А в комнате Нины Кемп было прохладно, хотя ослепительный солнечный свет бил прямо в окна. Полоски жалюзи были наклонены так, чтобы отгонять прочь все, кроме совсем уж слабых отблесков. Шепот кондиционеров звучал словно эхо, доносившееся из самого дальнего конца пещеры. Нина сидела на полу, скрестив ноги. Прямо перед ней лежала сумка, карман которой был отделан бахромой. Поперек кармана тянулась цепочка фигурок, стоящих взявшись за руки, – одно из бесконечных олицетворении дружеских связей между людьми. Туристы любили покупать такие сумки, но никогда ими не пользовались.
Жалюзи пропускали в комнату шесть узких полосок солнечного света, чистого и настойчивого. Его было вполне достаточно, и Нина не хотела никакого другого. Она сидела словно у входа в пещеру, спиной к полоскам света, и казалось, быть ближе к окружавшему ее миру было для нее невозможно. Нина открыла сумку, вынула из нее льняную квадратную салфетку и развернула ее на полу. Потом она достала рулончик миткалевого бинта, пузырек с антисептической жидкостью и небольшое зеркальце. Она положила бинт прямо на пол, у самого края салфетки, а зеркальце прислонила к небольшой дамской сумочке, как раз для этой цели поставленной там же, на полу.
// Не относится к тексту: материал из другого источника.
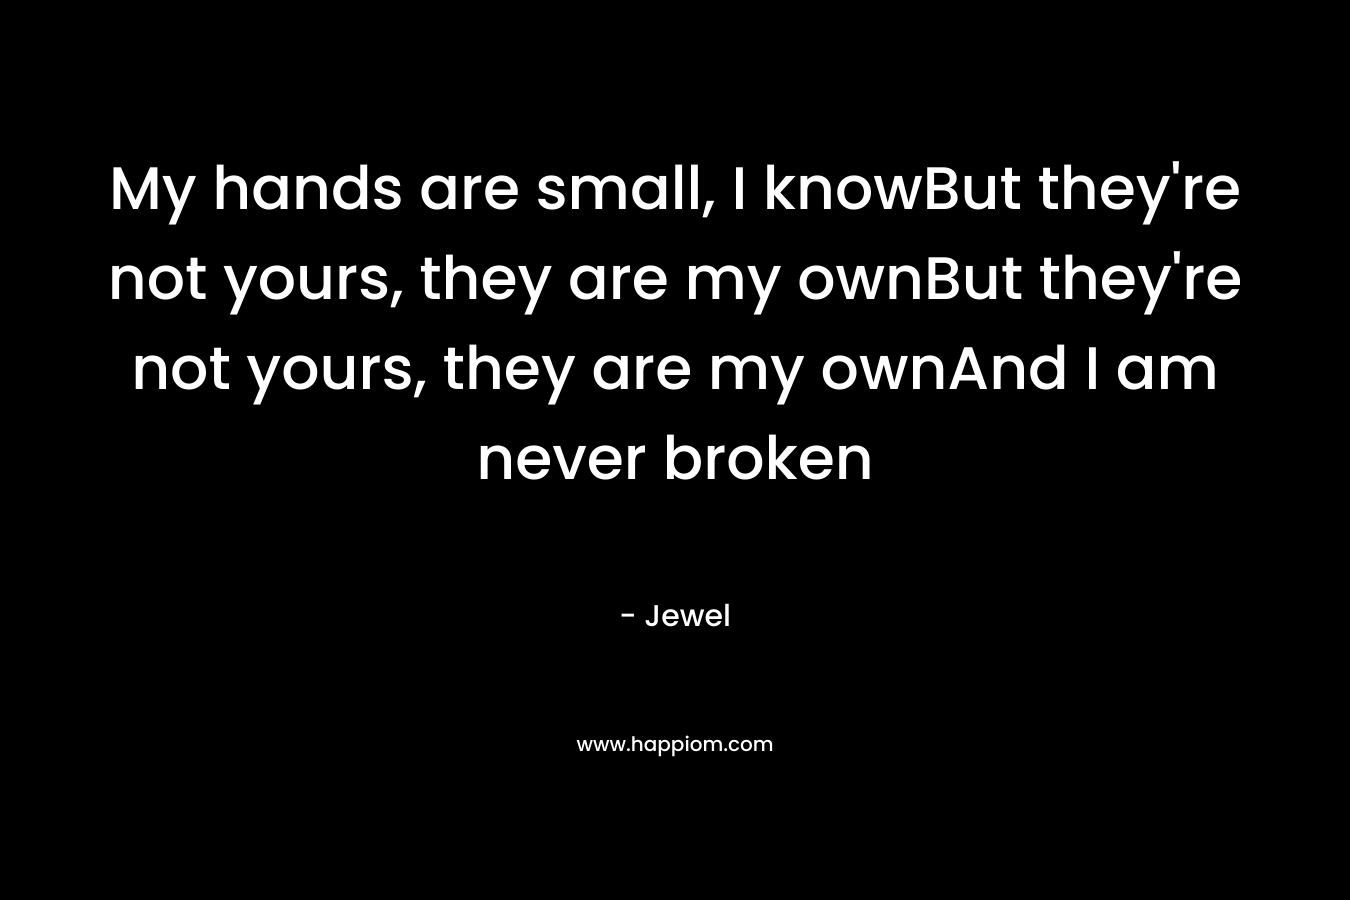 My hands are small, I knowBut they’re not yours, they are my ownBut they’re not yours, they are my ownAnd I am never broken – Jewel
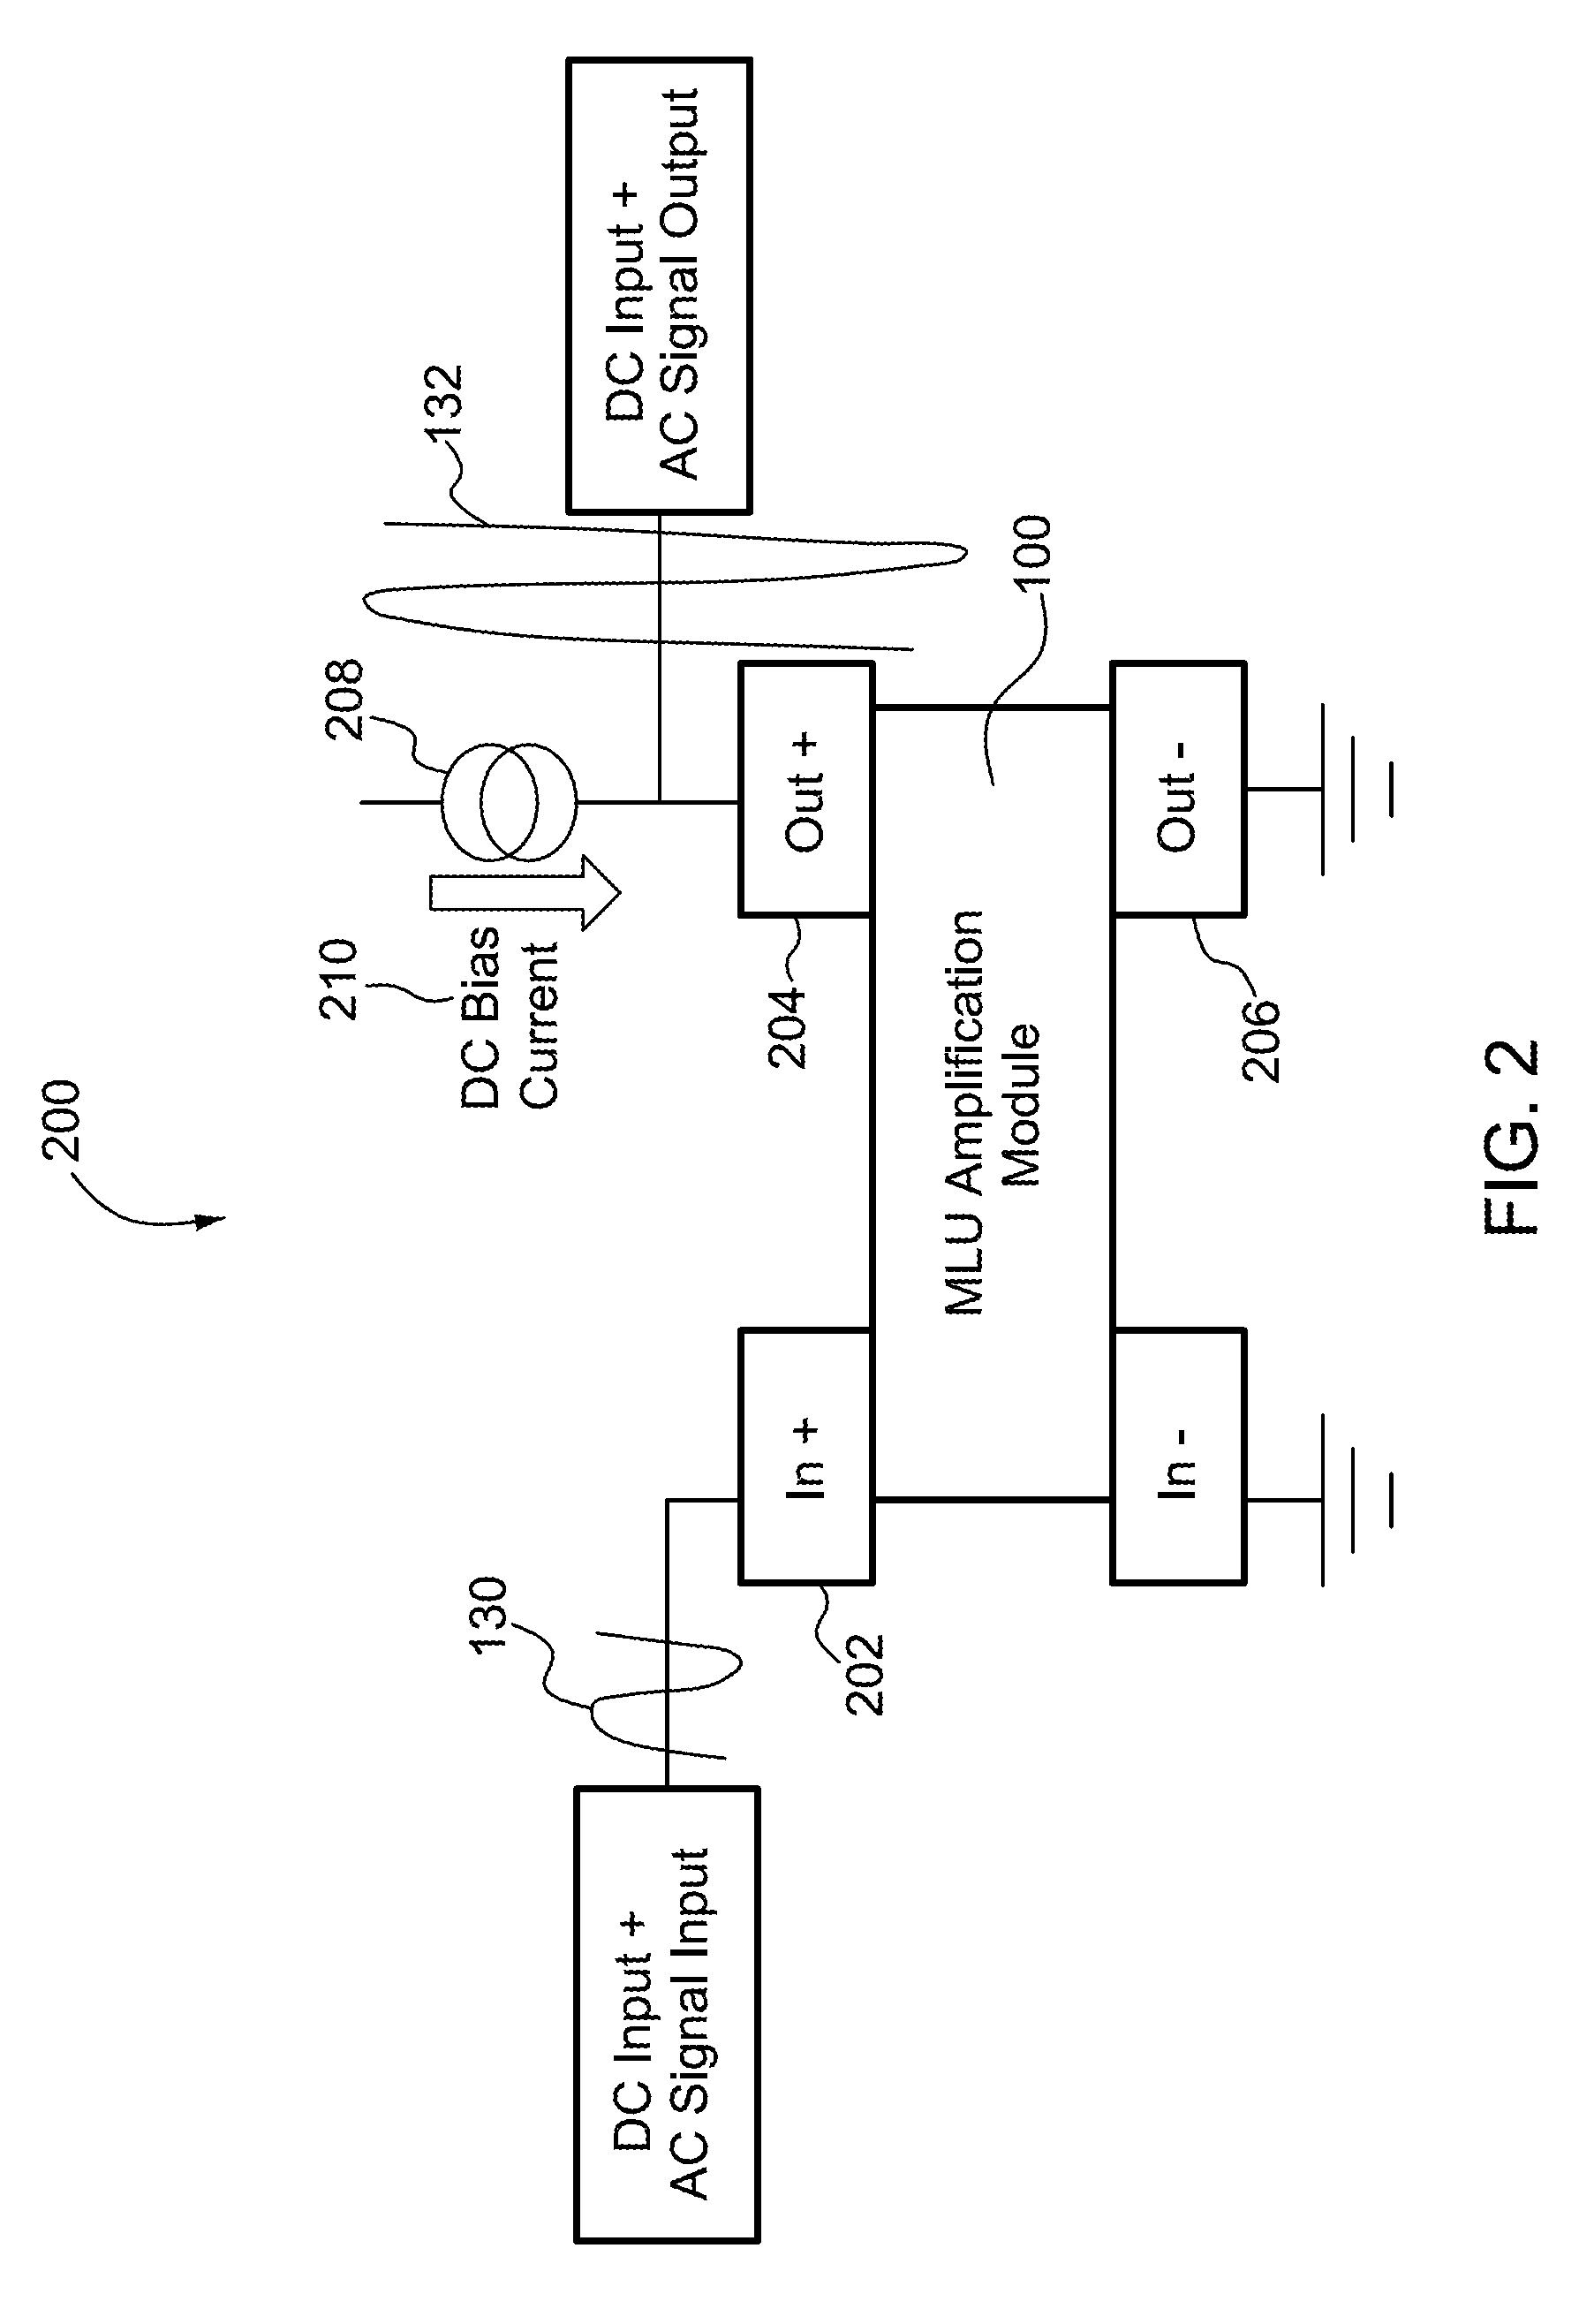 Magnetic Logic Units Configured to Measure Magnetic Field Direction

Расстегнув пуговицы на рукаве блузки, а потом еще две у шеи, Нина стащила ее с себя через голову. В полумраке ее обнаженный торс тускло светился. Последним предметом в сумке была опасная бритва. Нина положила ее вдоль ладони, от холма Венеры к кончикам пальцев, – черепаховый футляр-ручка был гладкий и изогнутый, – потом вытащила лезвие из футляра.
Между ними дурная кровь. Кровавое родство. Кровавая вражда.Постоянное ощущение чего-то неизбежного. Это в крови. Та же самая кровь.Это достает до самого твоего сердца. Кровавая свадьба.Эта кровь окрашивает румянцем твои щеки, от нее краснеют глаза...
Нина держала левую руку, вытянув ее ладонью вверх. Дыхание ее слабело, остановившийся взгляд был устремлен в одну точку. Она не трогала эту руку несколько недель, и теперь кожа на ней была чистой, зато ее правая рука представляла собой паутину узких шрамов, еще толком не заживших. Не нажимая, она потянула бритву поперек вены, используя только вес самого лезвия, не более. Мышцы ее живота чуть-чуть напряглись, а потом расслабились, поскольку она уже приучила себя к боли.
На коже проступили бусинки крови, словно пот. Нина сделала еще один разрез, слегка наклонив бритву, и кожа разошлась. Еще три разреза – и она положила бритву на пол. Нина внимательно наблюдала, как кровь, хлынув из ранок, тонкими струйками потекла по обе стороны руки к запястью. Она пошире раздвинула пальцы, освобождая место для этих струек. Ручеек брал свое начало из локтевой ямки и широко разливался на ладони, образуя что-то вроде дельты.
Две или три неторопливые капли упали на плотный лен салфетки, стремительно распустив на нем красные цветки. Потом рядом с ними появились еще и еще... И вот уже послышался частый монотонный стук, напоминавший дробь первых дождевых капель перед началом шторма.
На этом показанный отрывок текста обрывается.